W ciągu 17 lat na fundusz przesłano ponad 6 mln USD. Z wykazów finansowych wynika, że McCarrick przekazał miliony dolarów katolickim organizacjom charytatywnym w USA i Rzymie oraz pomagającym w biednych i ogarniętych konfliktami krajach. Blisko 200 czeków wystawiono jednak na duchownych, w tym ponad 60 na arcybiskupów oraz kardynałów.

Jak pisze „Washington Post”, „od 2001 do 2005 roku McCarrick przesłał 90 tys. USD papieżowi Janowi Pawłowi II„, a następca polskiego papieża, Benedykt XVI, „otrzymał 291 tys. USD, z czego większość 250 tys. USD w czeku z maja 2005 roku”, w miesiąc po jego wyborze na Stolicę Piotrową.

Pieniądze wysyłane są papieżom przez różne osoby i podmioty z przeznaczeniem na cele dobroczynne.

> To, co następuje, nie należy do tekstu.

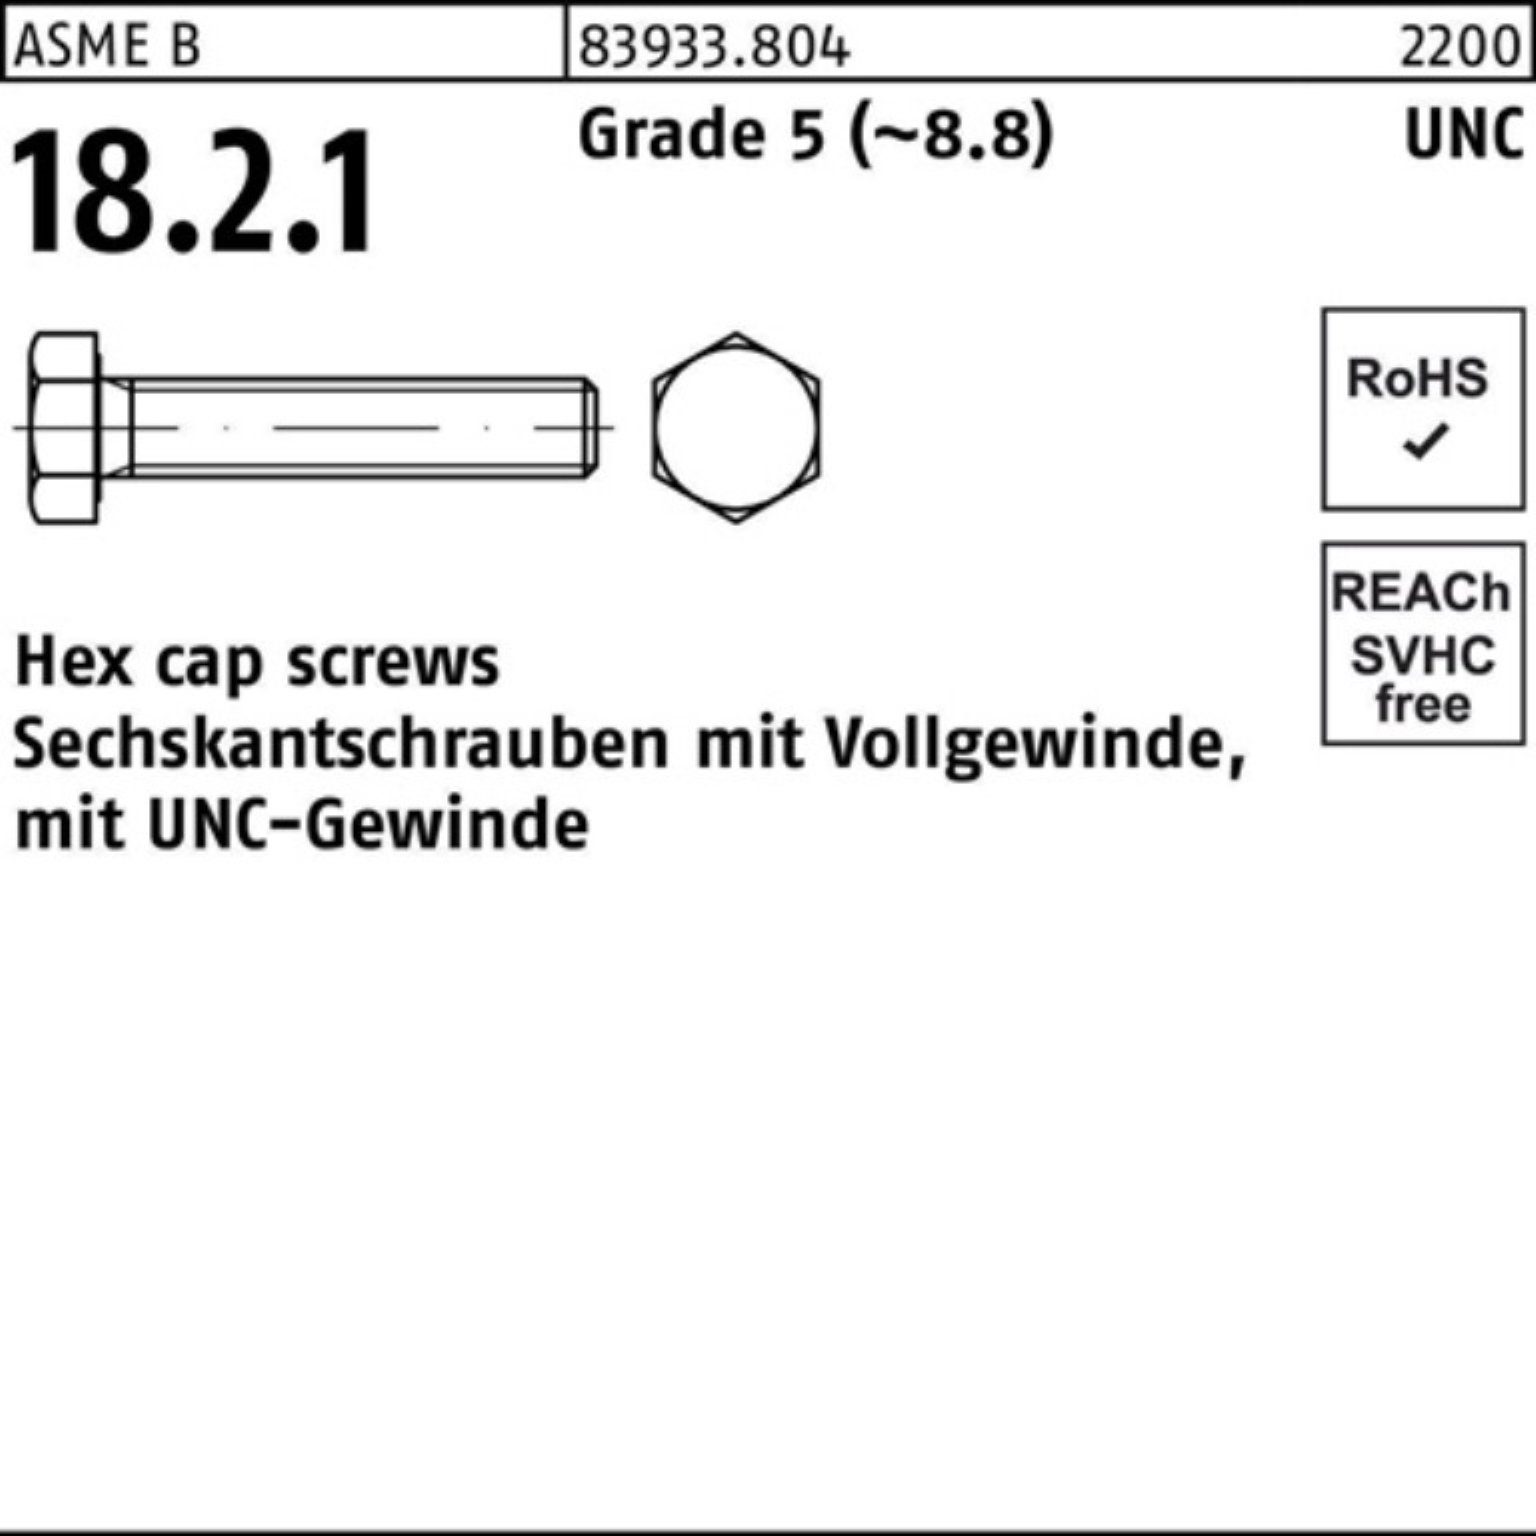 R 100er Sechskantschraube Sechskantschraube Grade Reyher 5/16x 83933 VG 5 Pack 3/4 UNC-Gewinde
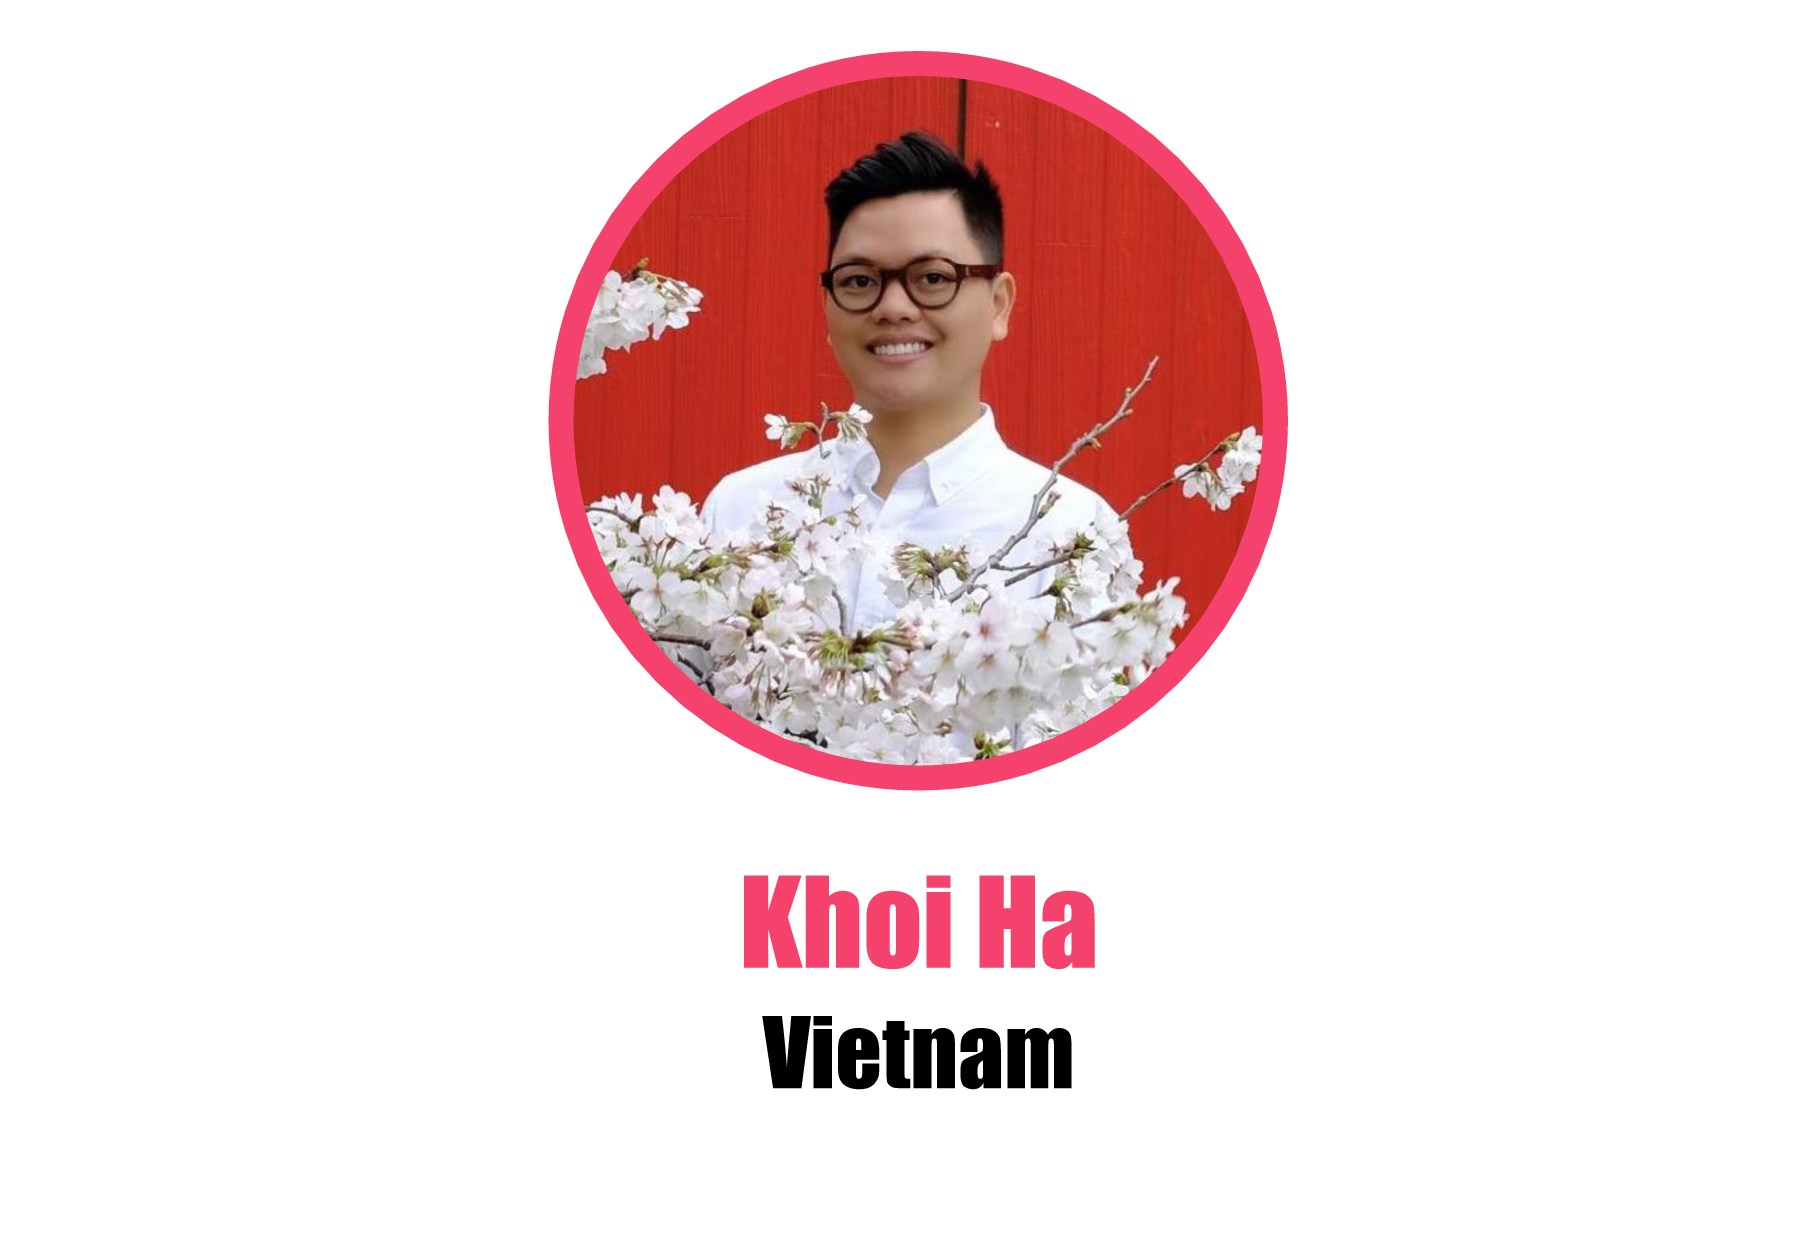 Vietnam_Khoi Ha

Jak pisze „WP”, przedstawiciele byłych papieży odmówili komentarza lub przekazali, że nie dysponują informacjami o przesyłanych środkach.

Watykańscy duchowni, w oświadczeniach o funduszach od McCarricka, opisywali czeki jako zwyczajowe dary w okresie Bożego Narodzenia lub wyraz uznania dla ich służby. Pieniądze – zaznaczali – przekazywano następnie m.in. na cele charytatywne.

Środki te „nie miały żadnego wpływu na proces podejmowania decyzji kardynała” – przekazał rzecznik kardynała Leonardo Sandriego. Duchowny otrzymał od McCarricka 6,5 tys. USD.

W najbliższych miesiącach Kościół planuje opublikowanie raportu w sprawie postępowania Watykanu w związku z oskarżeniami przeciwko McCarrickowi. Amerykańskie władze kościelne przesłały do Rzymu odpowiednie wykazy finansowe.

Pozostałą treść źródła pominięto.